I don’t understand

So, a year and a half ago, at ZB’s 11th birthday, I took this picture, and my heart broke a little.

I love all of the little boys in that photo–the one on the left has since moved away, but I talk to his mom sometimes on FB, and I’d seen him grow, playing soccer since he was eight years old. We still see the one on the right (and his little brother, the short one 😉 and his adorable family–they, in fact, gave us our adorable little dog.

But this picture was taken in November of 2014, and the country was becoming steadily aware that old hatreds–hatreds we’d thought had been put to bed, were in fact alive and killing our young men in brutal ways.

I looked at this picture–the three spazzy boys (and yes, all of them are ADHD like whoa) and realized that whereas I saw three equals, my son and his friends, kids I loved, the police force in this country did not see the same kids I did.

They saw the one on the left as a threat.

I loved that kid. Loved his mom, loved his two twin brothers.

I saw friends.

And our law enforcement was apparently looking at this family and seeing “scary people”.

I wanted to do something. I wanted to change that prejudice. How could they not see the kid on the left as just as awesome, just as much fun, just as wonderful, as the kid on the right, or the kids in the middle?

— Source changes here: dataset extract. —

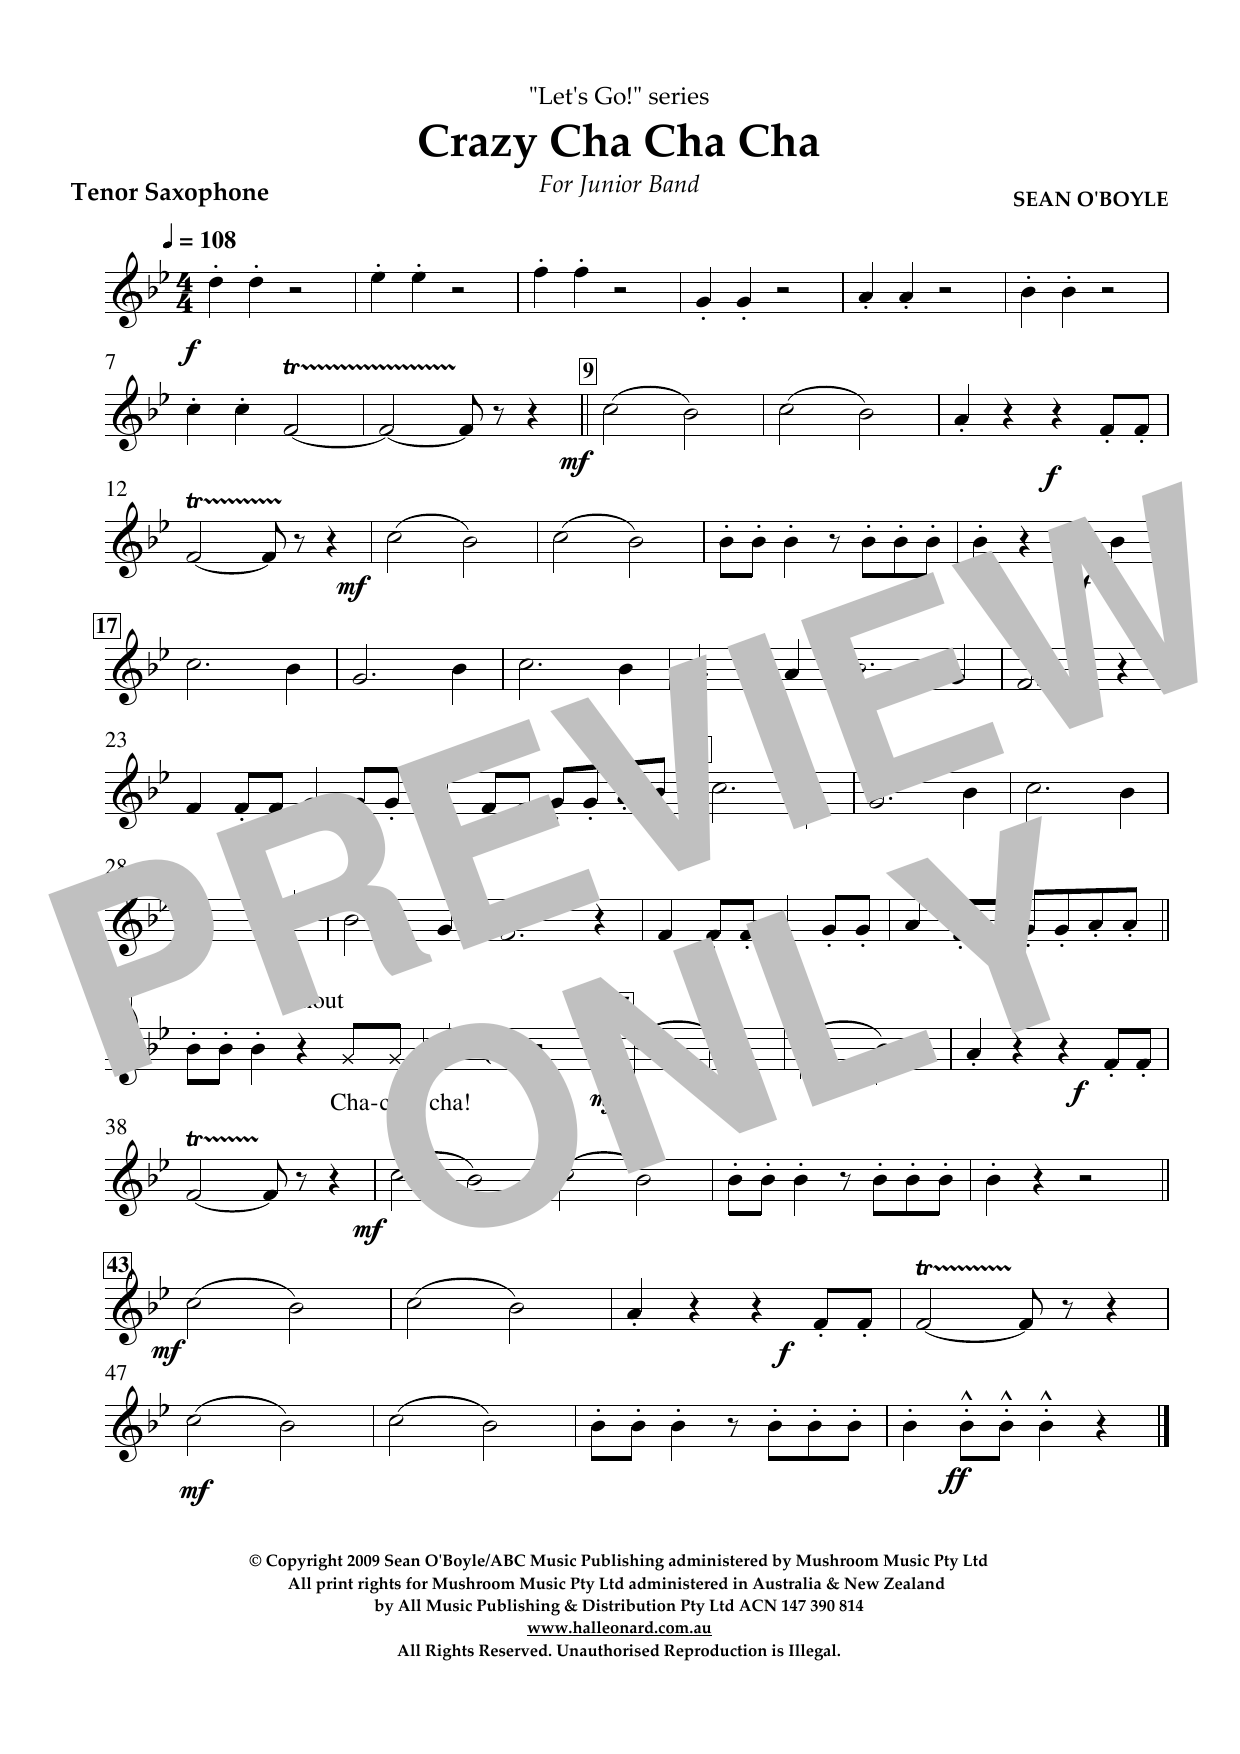 Sean O'Boyle Crazy Cha Cha Cha - Tenor Saxophone Sheet Music Notes & Chords for Concert Band - Download or Print PDF

I feel so helpless, watching my country tearing itself apart like this. Baton Rouge, Falcon Heights,  Dallas–how are we still fighting this war? (I looked back to my post after Ferguson–I said the same thing. Arghh!!!)  How do people look at that picture of those awesome kids and not see four beautiful boys?

How are we still giving guns to assholes who think guns are the answer? That’s cops and snipers and terrorists–all of them. The number one questionnaire on the paperwork to get a gun should be, “Do you think the gun is the answer?”

IT’S NOT THE FUCKING ANSWER, PEOPLE!!!!

Ask a school teacher who walks into her classroom unarmed, if she thinks a gun would make her job better or worse. She doesn’t have a gun to enforce order–she has personal skills to de-escalate situations. She has respect for her students and a willingness to do what’s best for them at the expense of her own ego. She has the knowledge that if things go south, she needs to rely on her wits and her own force of will.

I recently found out that an old colleague of mine talked a kid out of his gun in the middle of her classroom. He handed her the thing and she said, “I”m sorry. I’ve never touched one of these. I don’t know what to do with it.”

“Maybe we should just put it down.”

Do you know what would have happened if a cop had been in that room?

Everybody would have fucking died, because he would have drawn another gun and there was nowhere else to go.

And I know policemen–black and white policemen, for anybody who cares. They are good men. They are kind, and good fathers. I’ve seen them studying for sergeants exams and restless because injuries have kept them out of the field. They’ve been kind to me (soccer parents are mostly kind, I’ve found) and funny, and have laughed at my dumb jokes and rooted for my kids on the field.

I don’t want to go to their funerals. Their children must be so scared.

I know I am so afraid–for everybody.

But mostly for those boys in the picture, and their siblings, and the other children they’re growing up with. Because we have let them down.

Because we’re still fighting this war.